If you have a suitable treebank at hand and want neural network parsing, you
might as well try UDPipe and its
Parsito parser (for speed) or the
BiLSTM graph-based parser
by Eliyahu Kiperwasser and Yoav Goldberg (for accuracy). If you want to spend
a day (or more) using exotic build tools and specific outdated versions of TensorFlow,
you can also try SyntaxNet, which requires substantially greater amounts of
model-specific parameter tuning than Kiperwasser and Goldberg's parser.

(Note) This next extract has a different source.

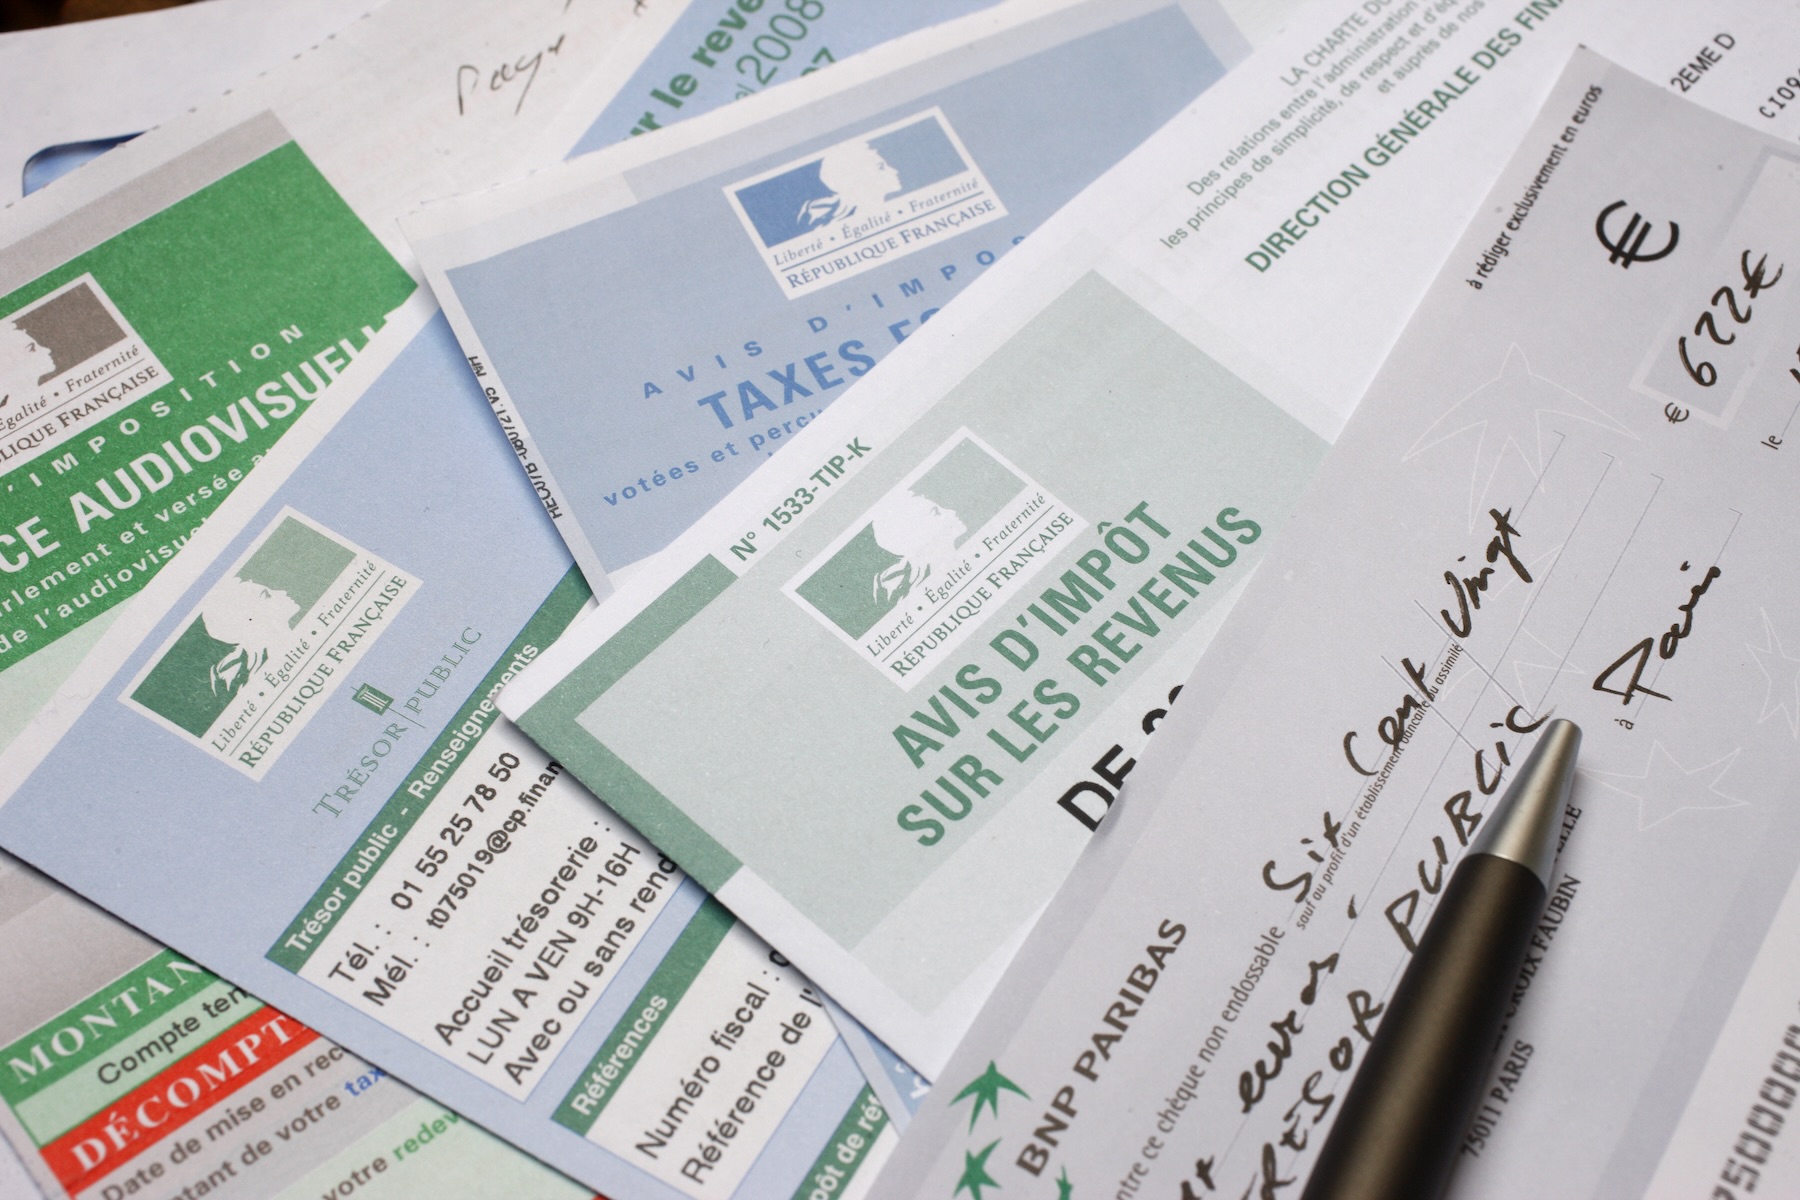 Several French income tax forms are stacked on top of each other, including a check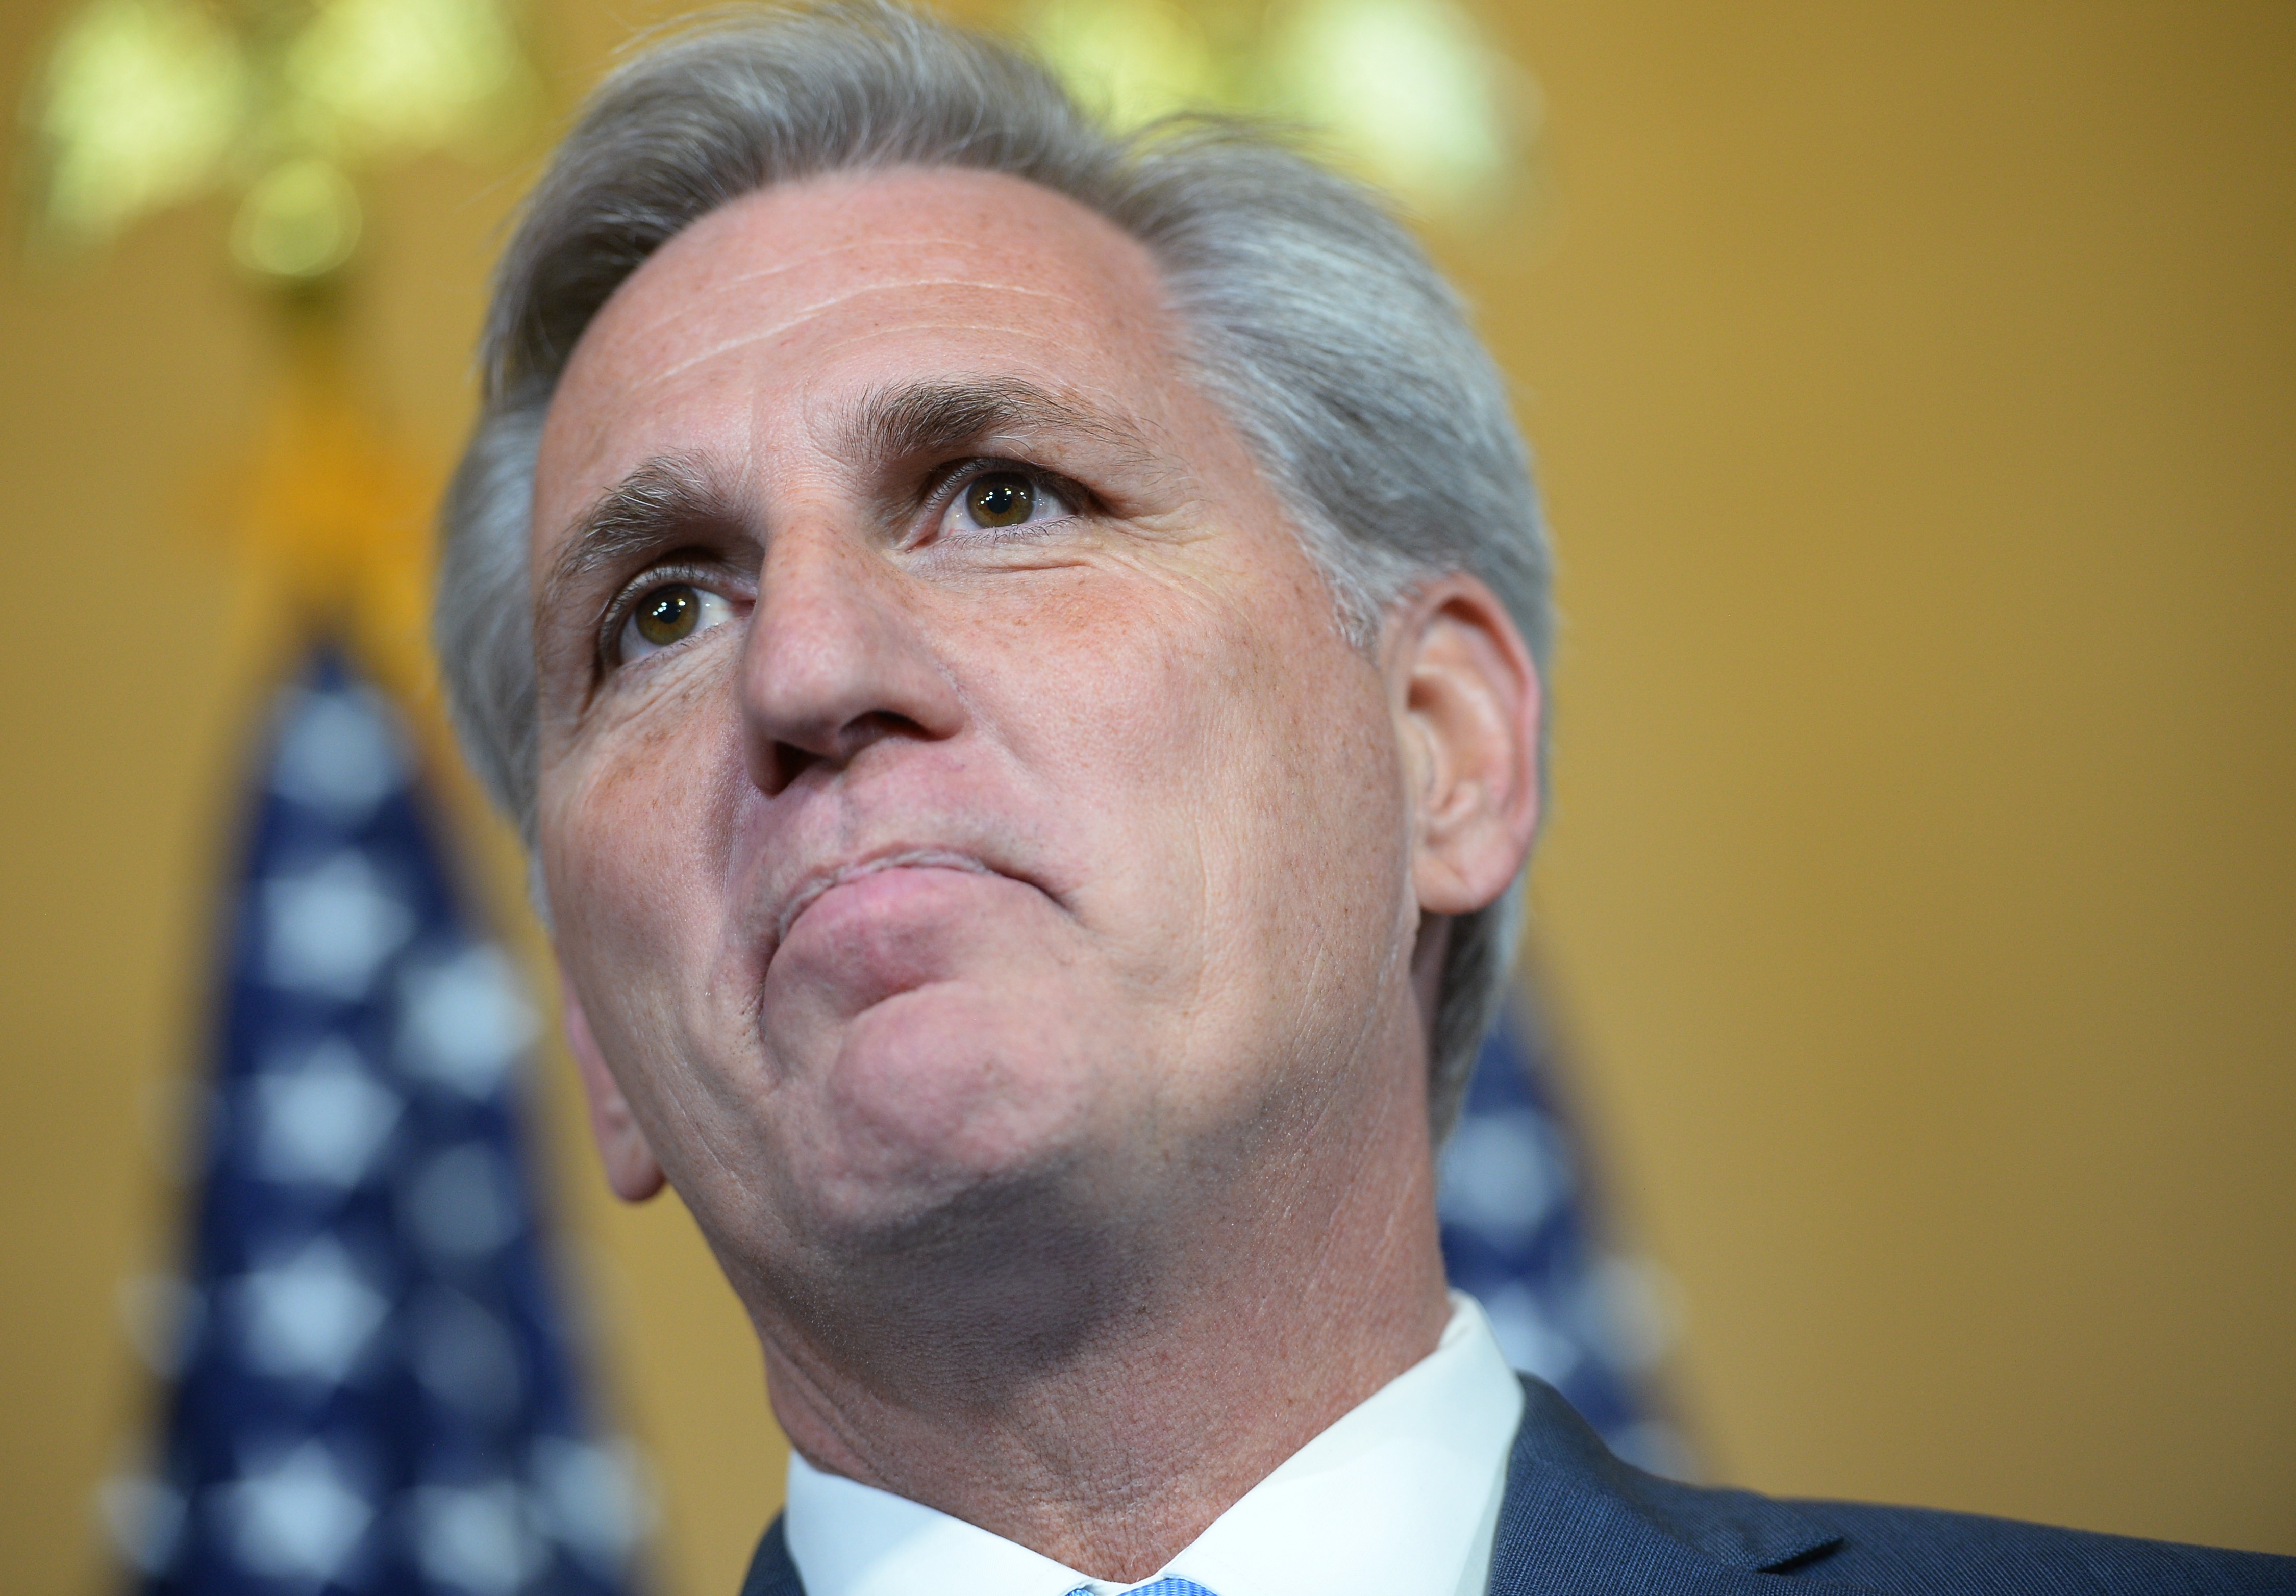 US Representative Kevin McCarthy speaks following the Republican nomination election for House speaker in the Longworth House Office Building on October 8, 2015 in Washington, DC. The Republican frontrunner to be the new speaker of the US House of Representatives, Kevin McCarthy, abruptly dropped out of the race Thursday, lawmakers said, amid a revolt by the party's hard-line conservatives. AFP PHOTO/MANDEL NGAN / AFP PHOTO / MANDEL NGAN

(Don't use the German SyntaxNet model, which is trained on the tiny
German Universal Dependencies treebank and not on one of the many large
treebanks that exist for German).
Neural Network Toolkits
My favorite toolkit for modeling natural language text using LSTMs and other
gadgetry is DyNet, which uses dynamically
constructed computation graphs and allows to model recursive neural networks
and other gadgetry without much fuss. The static network structure of more
standard neural network libraries such as
TensorFlow trade off flexibility for
the ability to join groups of examples in a minibatch (which DyNet allows, but
does not enforce), which leads to greater training speed.
Conditional Random Fields.
Hanna Wallach has a very useful link collection
on Conditional Random Fields. I'd
recommend especially her tutorial on CRFs (which is also the
introductory part of her MSc thesis) as well as Simon Lacoste-Juliens
tutorial on SVMs, graphical models, and Max-Margin Markov Networks
(also linked there).